I’m proud of my February Run log and am looking forward to another 3 weeks of hard running.  I originally designed a 6 week running program, which I am planning to stick out for the next 3 weeks, evaluate and then go from there.

I had a couple awesome trips this past month as well.  A few weeks ago, we climbed at Rumbling Bald in North Carolina.  This was my second trip here and I really loved the place.  The rock is Gneiss, a “granite” feeling rock which requires rather difficult foot work.  I was really impressed with my Tenaya Ras as I was able to grip and edge on the smallest holds.  I was happy to return to send several of my projects from the previous trip and put to bed several more problems.

I did “Lost Cause” V5 first try, only to chuffer out on the topout!  I was so bummed!! I realized on this trip that my toping out skills were falling behind, so I decided to dedicate the trip to working on hard topouts!  I did get Lost Cause after figuring out some basic topout strategies  but man, what a heartbreaker that first try was!!

My second trip was to the Red River Gorge last weekend.  The red is close to me (less than 3 hours) so it makes a good easy weekend trip away from the New River Gorge.  We climbed at Left Flank and the  problem with Left Flank, like may crags at the red, is that I’ve already done all the routes up to 12c.  Well, I decided to give the impressively steep and overhanging “Stunning the Hog 5.12d” a go.  I was glad I did.  The first go, I managed to do all the moves – bolt-to-bolt, though I had to figure out the crux a bit.  I put four more burns in on the route, realizing that all my winter bouldering has been detrimental to my endurance, though endurance has always been my natural strength, so I’m pretty sure I’ll put this one to bed pretty fast when I come back.

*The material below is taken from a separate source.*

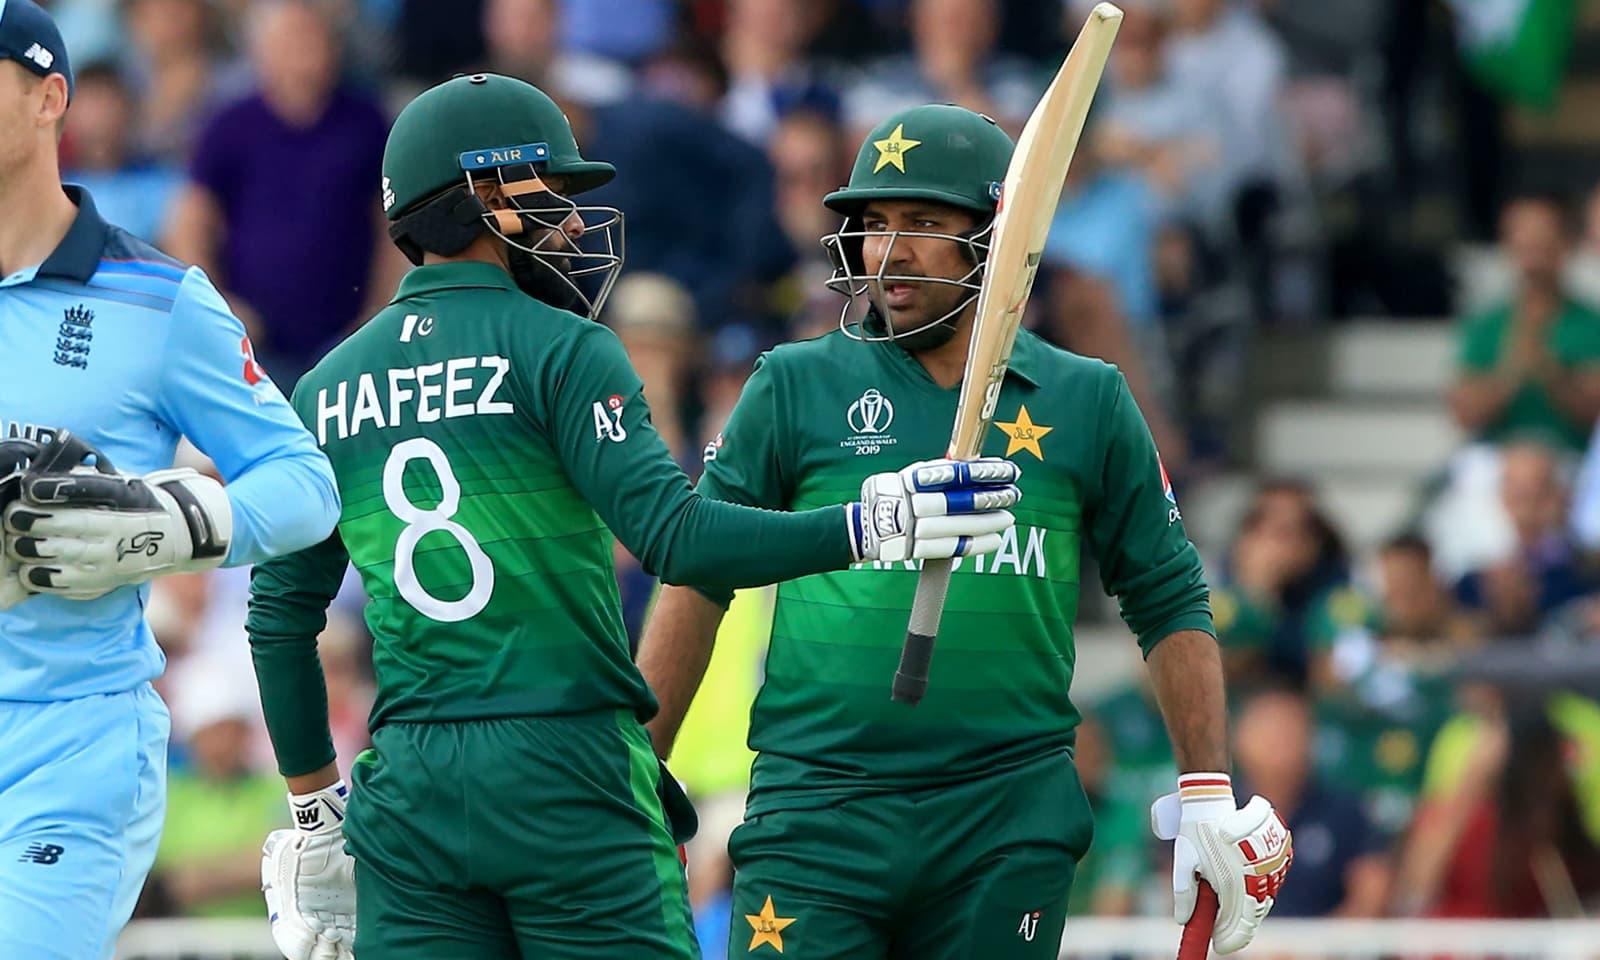 قومی ٹیم کی جانب سے محمد حفیظ، بابر اعظم اور سرفراز احمد نے نصف سنچریاں اسکور کیں — فوٹو: اے ایف پی

My finger skin was awesome, but funny enough, the limiting factor my second day was my palm skin (jug rash).  Ouch!  I tried this “new” route at the Solar Collector (Same problem with left flank – I’ve done every route there),  a Seigrist route called “Space Junk” 5.12c.  I had originally spotted the line several years ago, but have decided that I won’t develop at the red “too far of a drive to put that kinda work in.”  Low on skin I managed to do all the moves first try, though the second try, I was feeling pretty tired and though, doing all the moves, made a bad show of it, even off the hang.  I’m pretty confident I can do this one next trip as well though I’d need to be fresh for it!!